→ EXERCISE GOAL
From the listing below, copy only the lines from the line that contains "Divi Theme Options" to the line that contains "Healthcare workers wearing", counting those two lines as part of the copy.

→ EXERCISE INPUTS
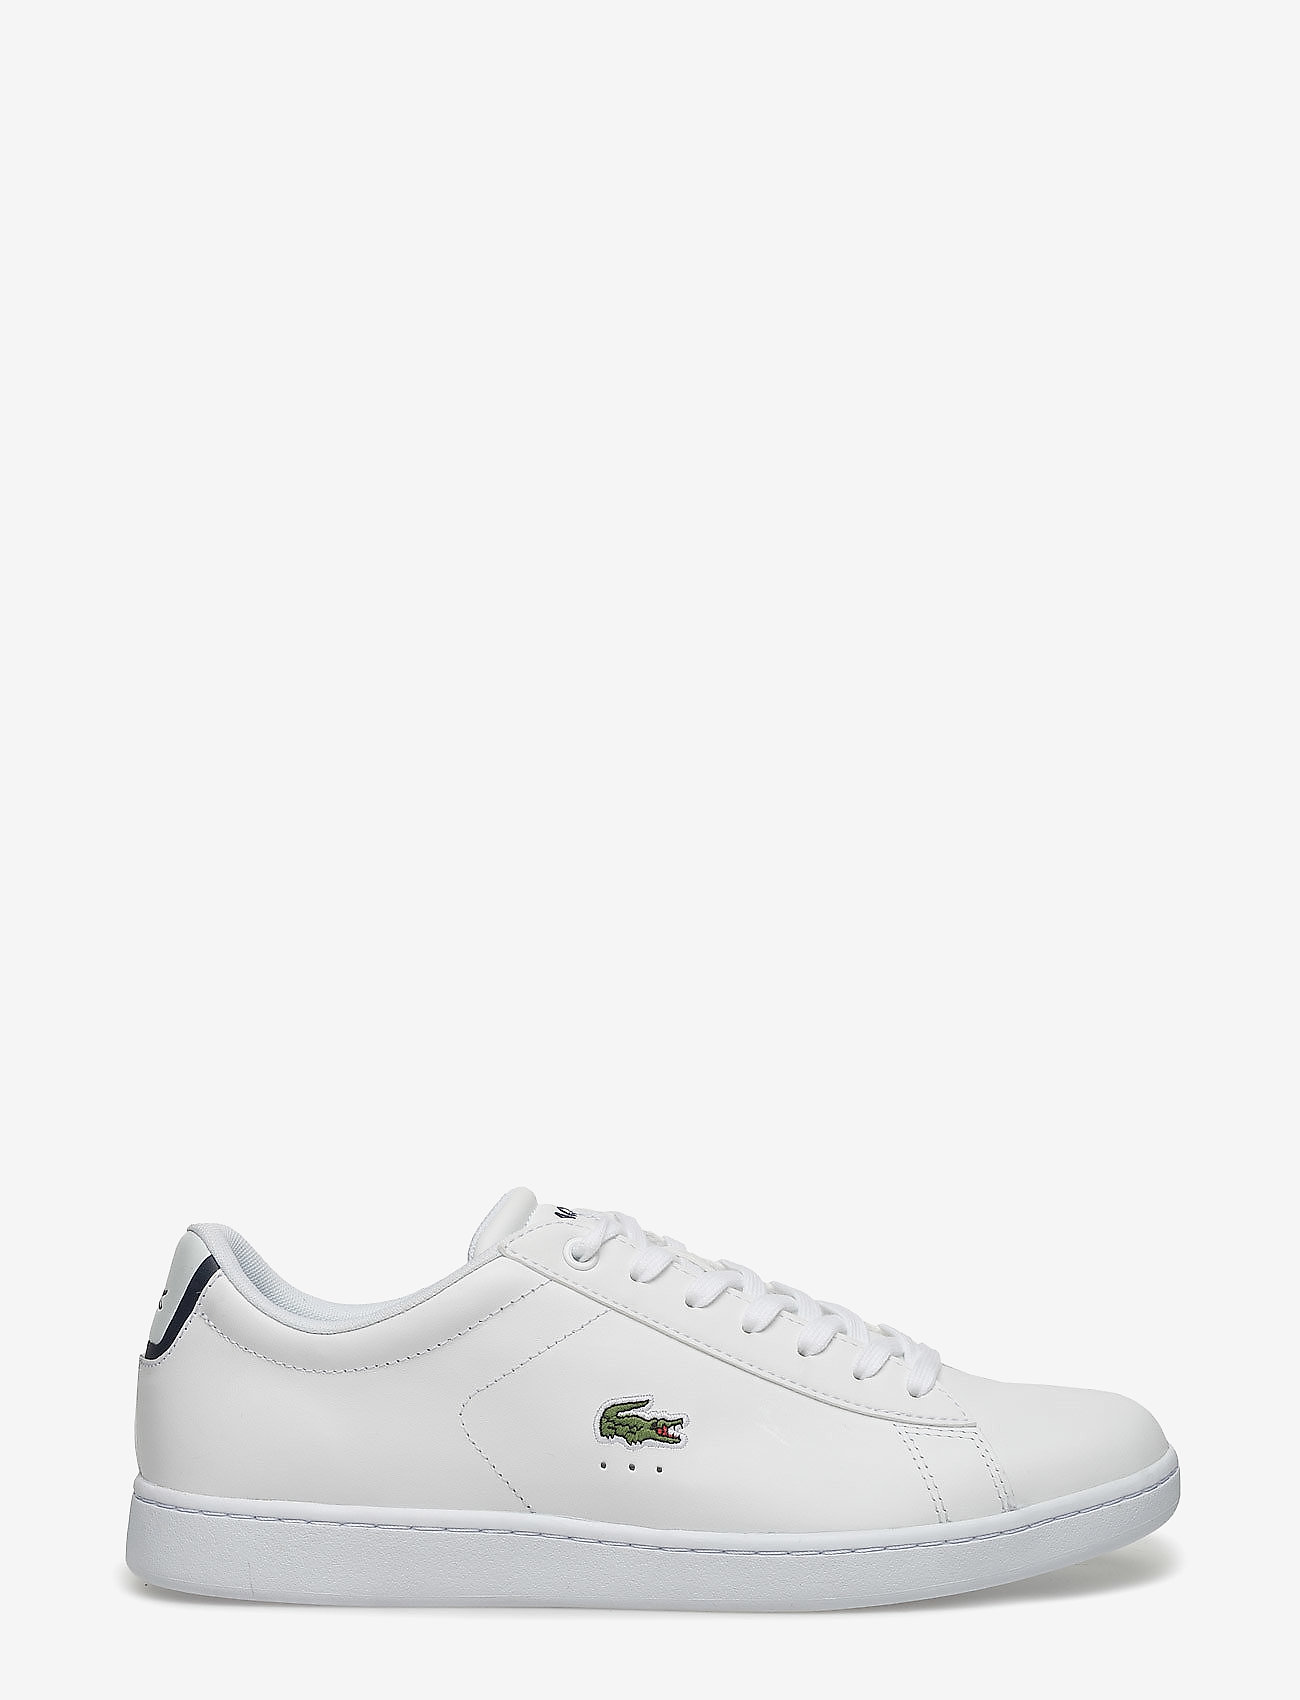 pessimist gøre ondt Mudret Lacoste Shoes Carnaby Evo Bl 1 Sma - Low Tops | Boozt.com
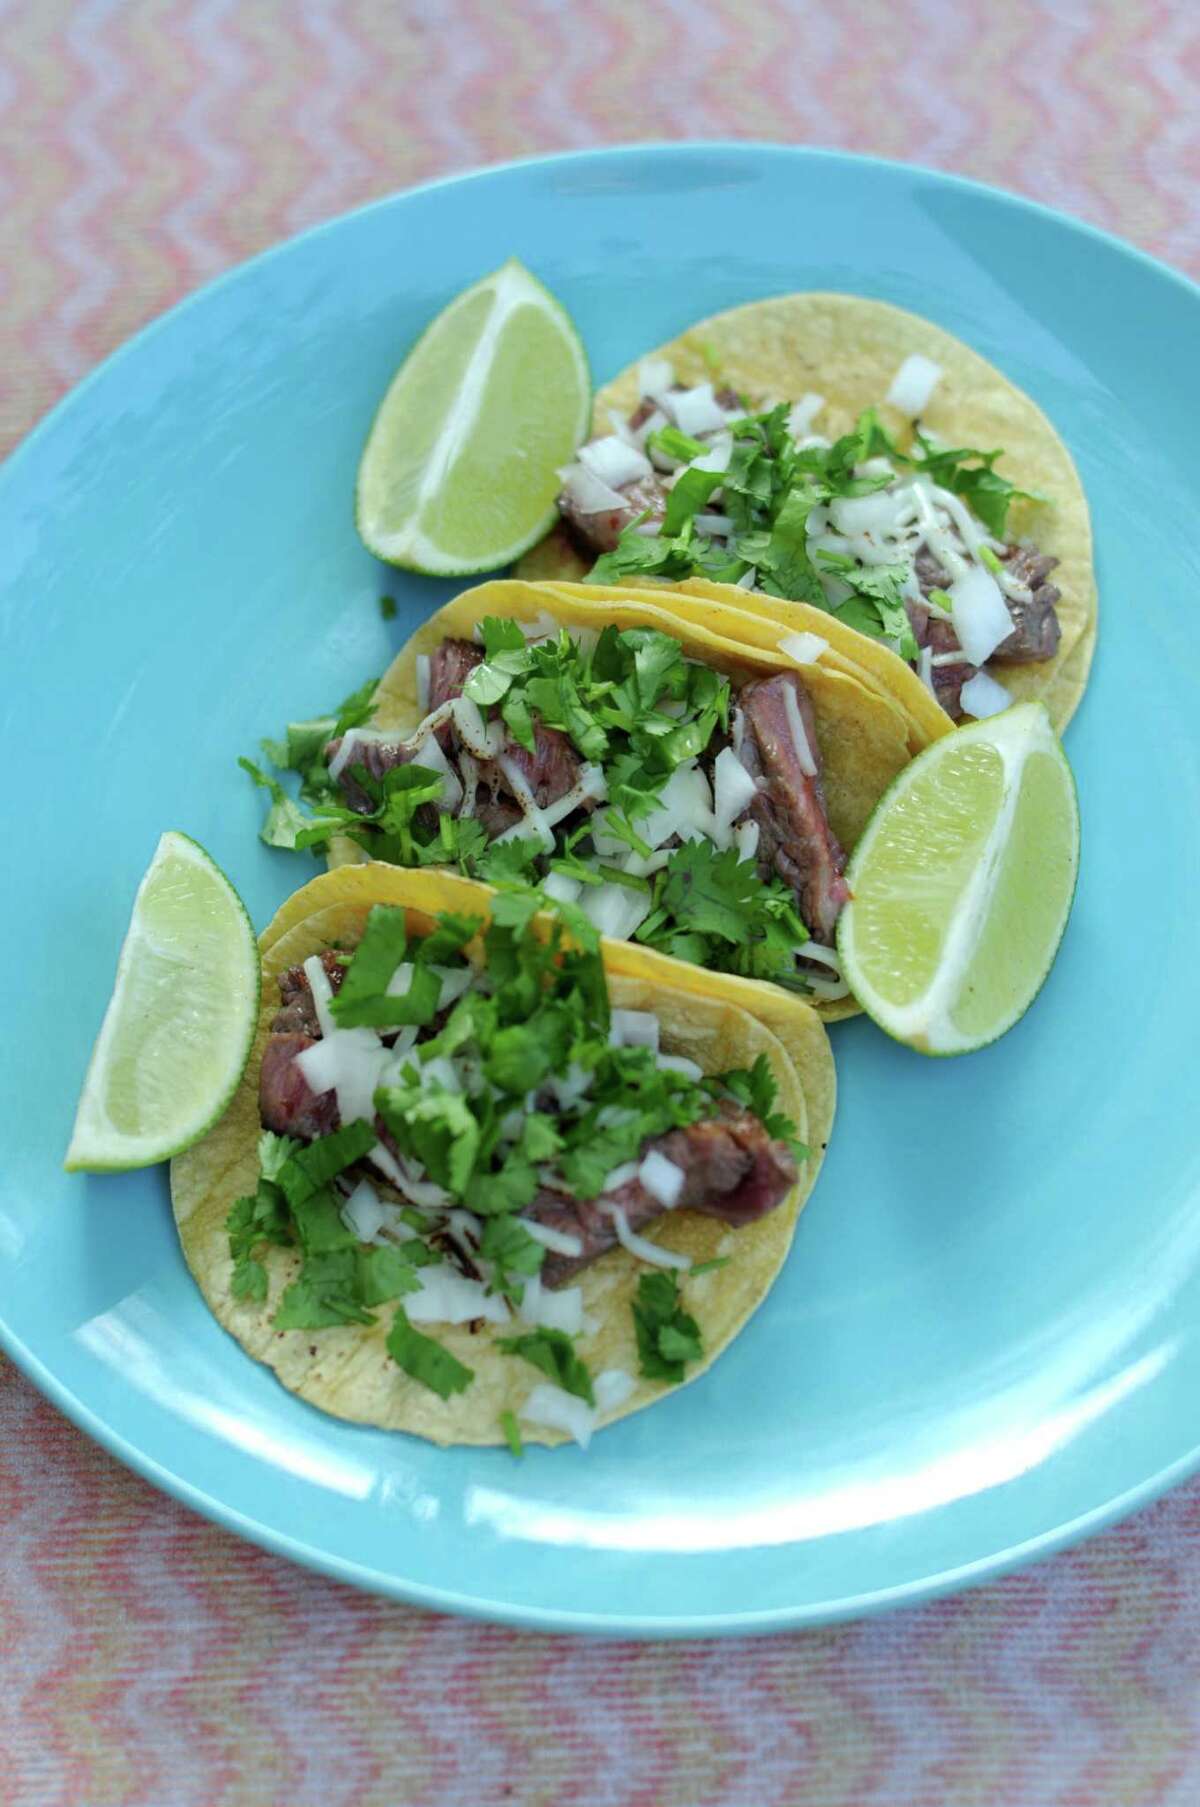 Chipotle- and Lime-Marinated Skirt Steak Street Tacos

--

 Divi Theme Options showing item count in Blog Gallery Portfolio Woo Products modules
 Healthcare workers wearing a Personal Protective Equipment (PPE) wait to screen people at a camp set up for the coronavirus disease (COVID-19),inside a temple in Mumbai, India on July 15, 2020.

→ ANSWER SECTION
 Divi Theme Options showing item count in Blog Gallery Portfolio Woo Products modules
 Healthcare workers wearing a Personal Protective Equipment (PPE) wait to screen people at a camp set up for the coronavirus disease (COVID-19),inside a temple in Mumbai, India on July 15, 2020.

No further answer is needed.